### WHAT YOU WILL DO:
Look below for the line that contains "Free Download The" and the line that contains "salle de bains", then restate both of them and every line in between, exactly. No picture goes in the copy.

### SUPPLIED DATA:
= = =

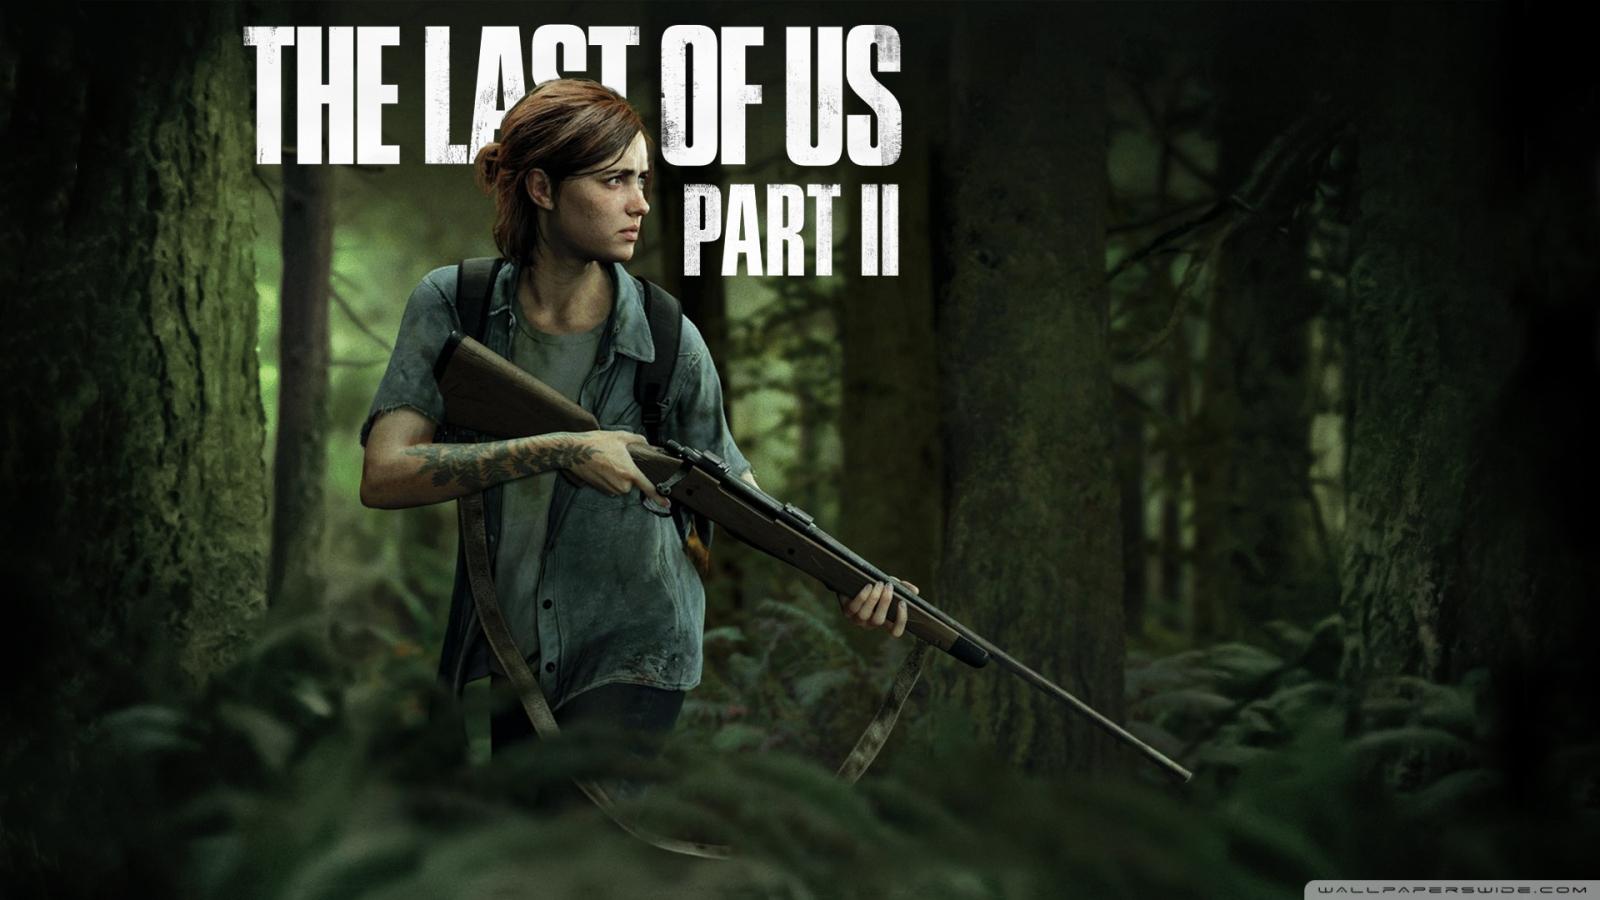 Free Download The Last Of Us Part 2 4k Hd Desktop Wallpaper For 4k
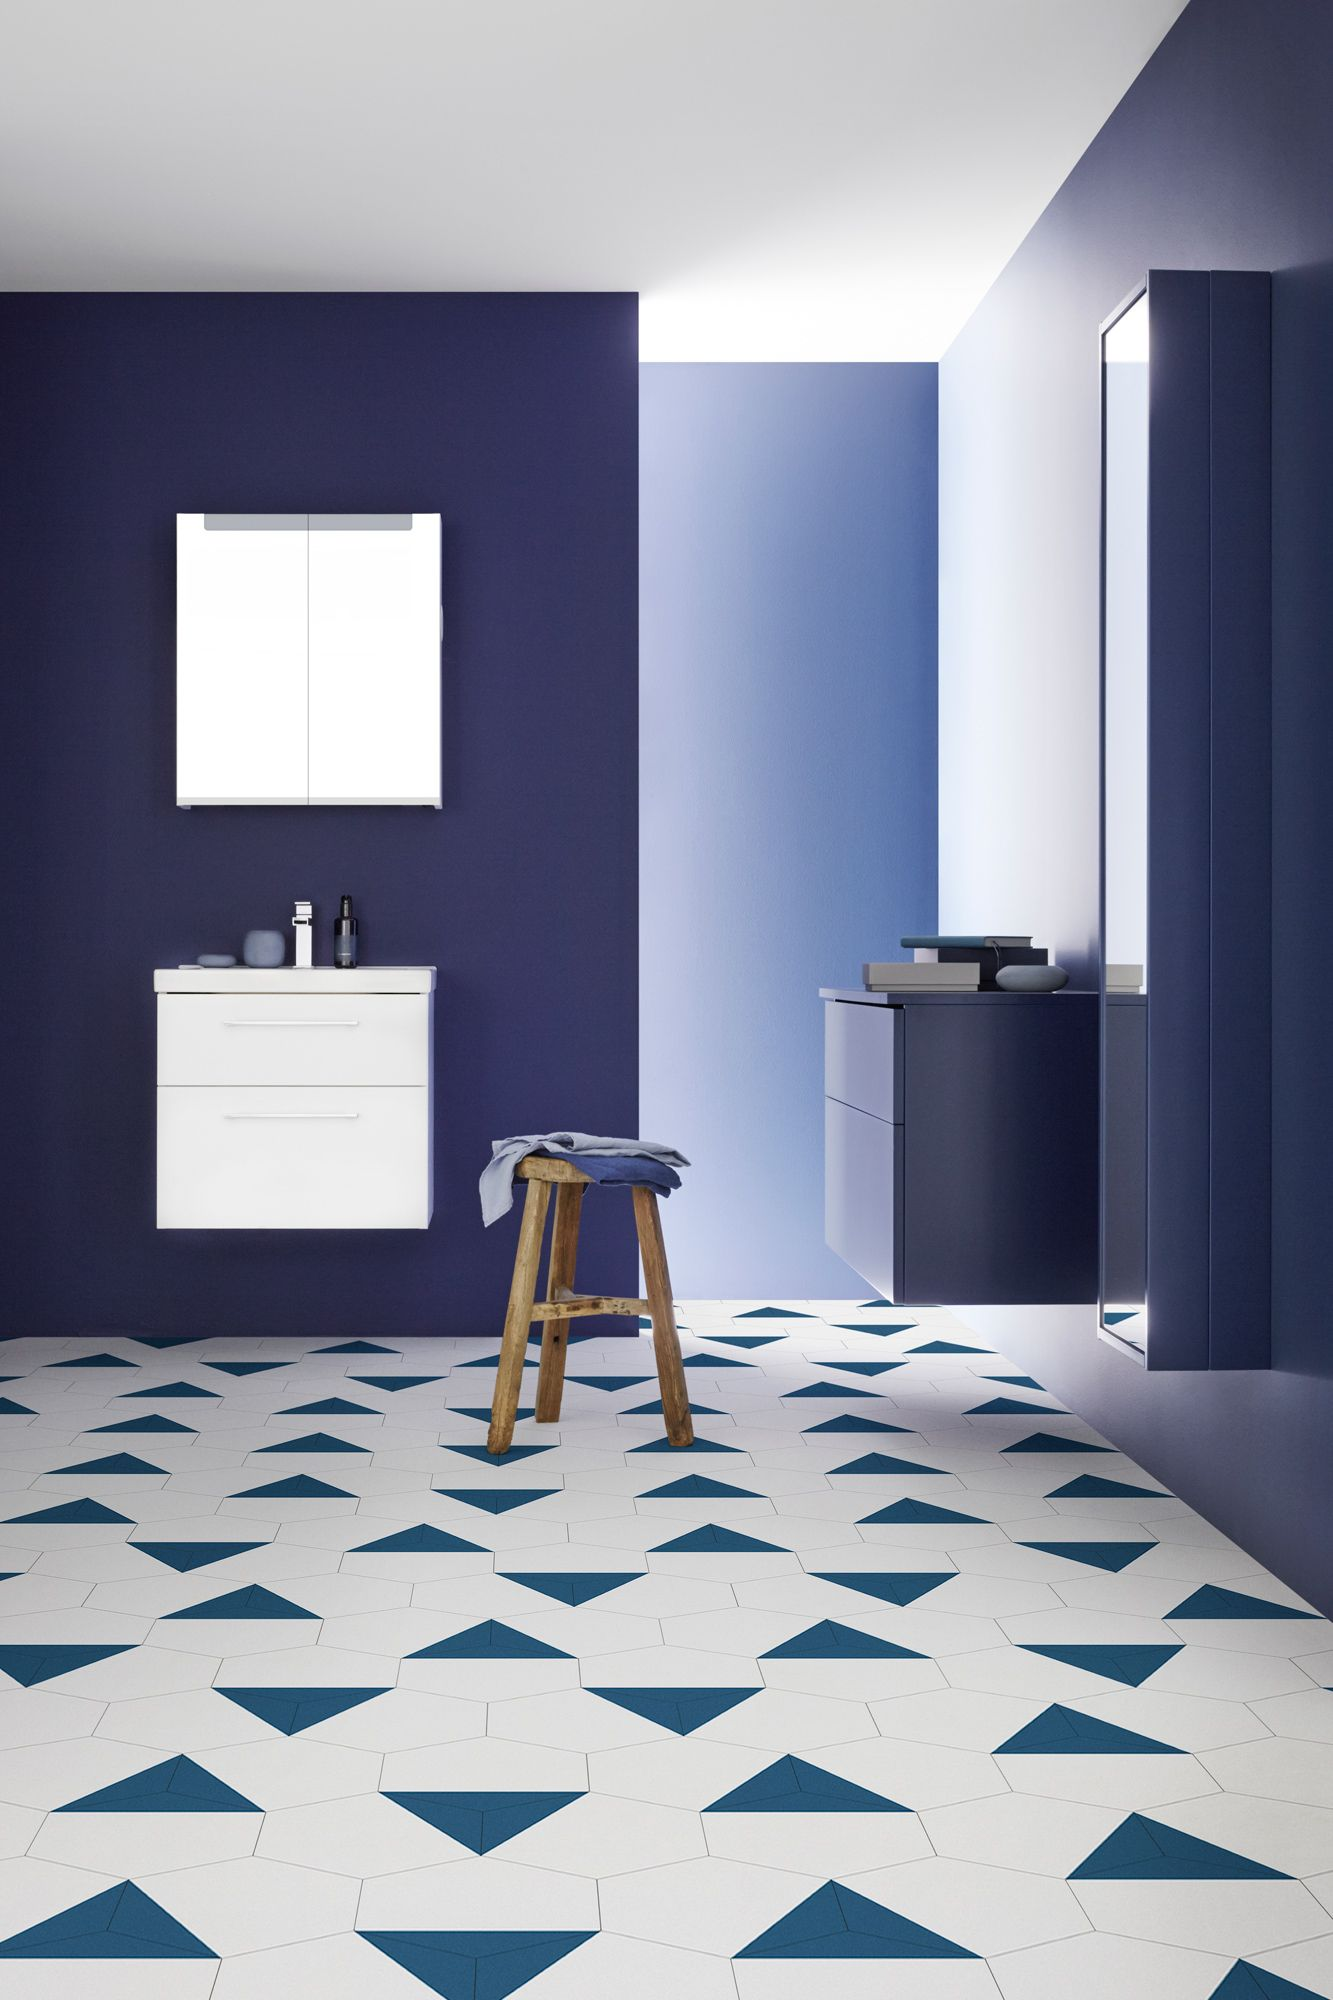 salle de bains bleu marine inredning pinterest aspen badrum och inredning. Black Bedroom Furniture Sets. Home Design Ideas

= = =

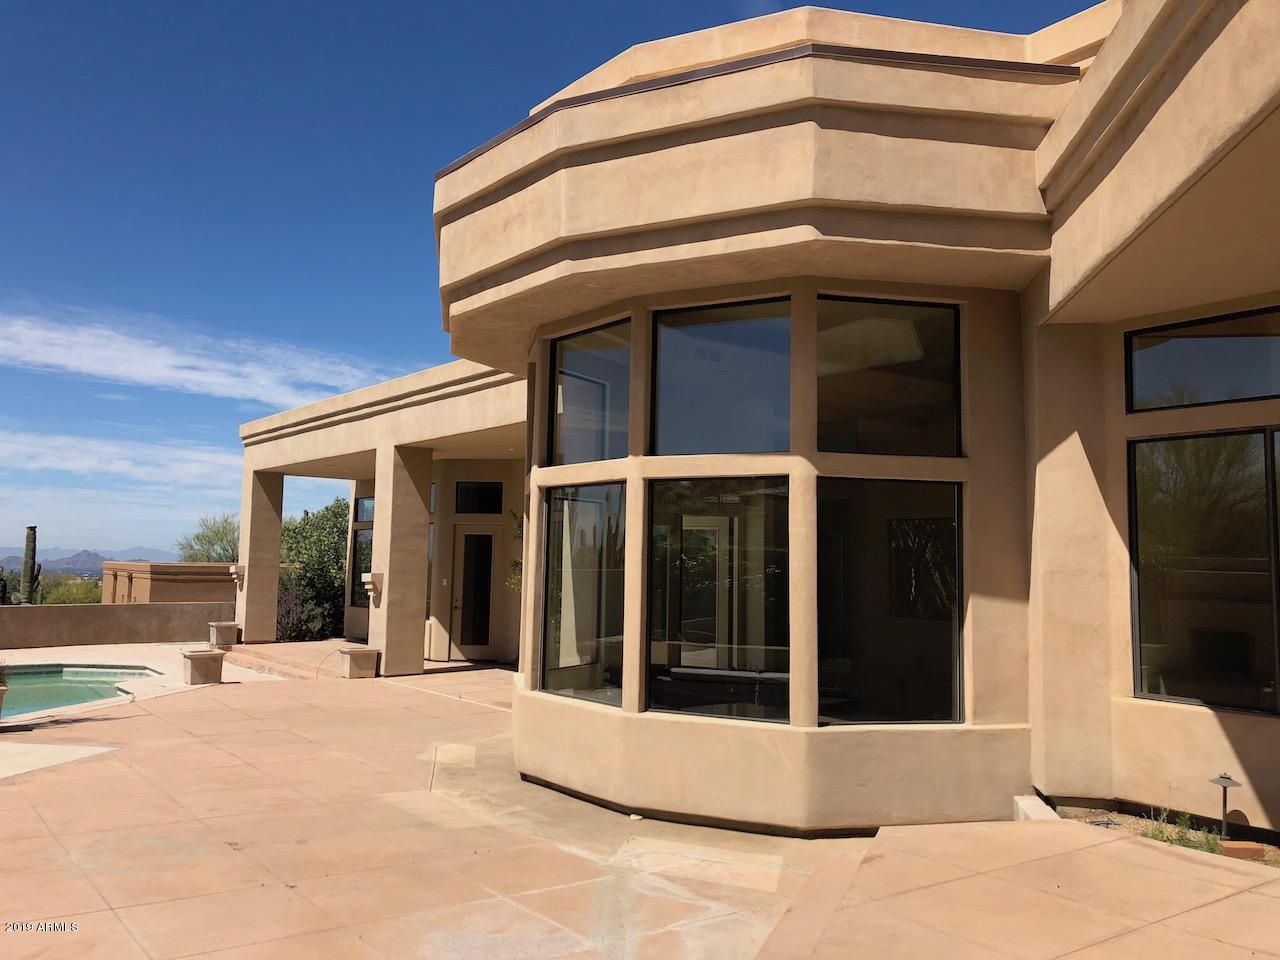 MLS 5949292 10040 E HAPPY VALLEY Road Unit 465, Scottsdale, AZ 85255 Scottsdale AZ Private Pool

= = =

### OUTPUT FOR THIS TASK:
 Free Download The Last Of Us Part 2 4k Hd Desktop Wallpaper For 4k
 salle de bains bleu marine inredning pinterest aspen badrum och inredning. Black Bedroom Furniture Sets. Home Design Ideas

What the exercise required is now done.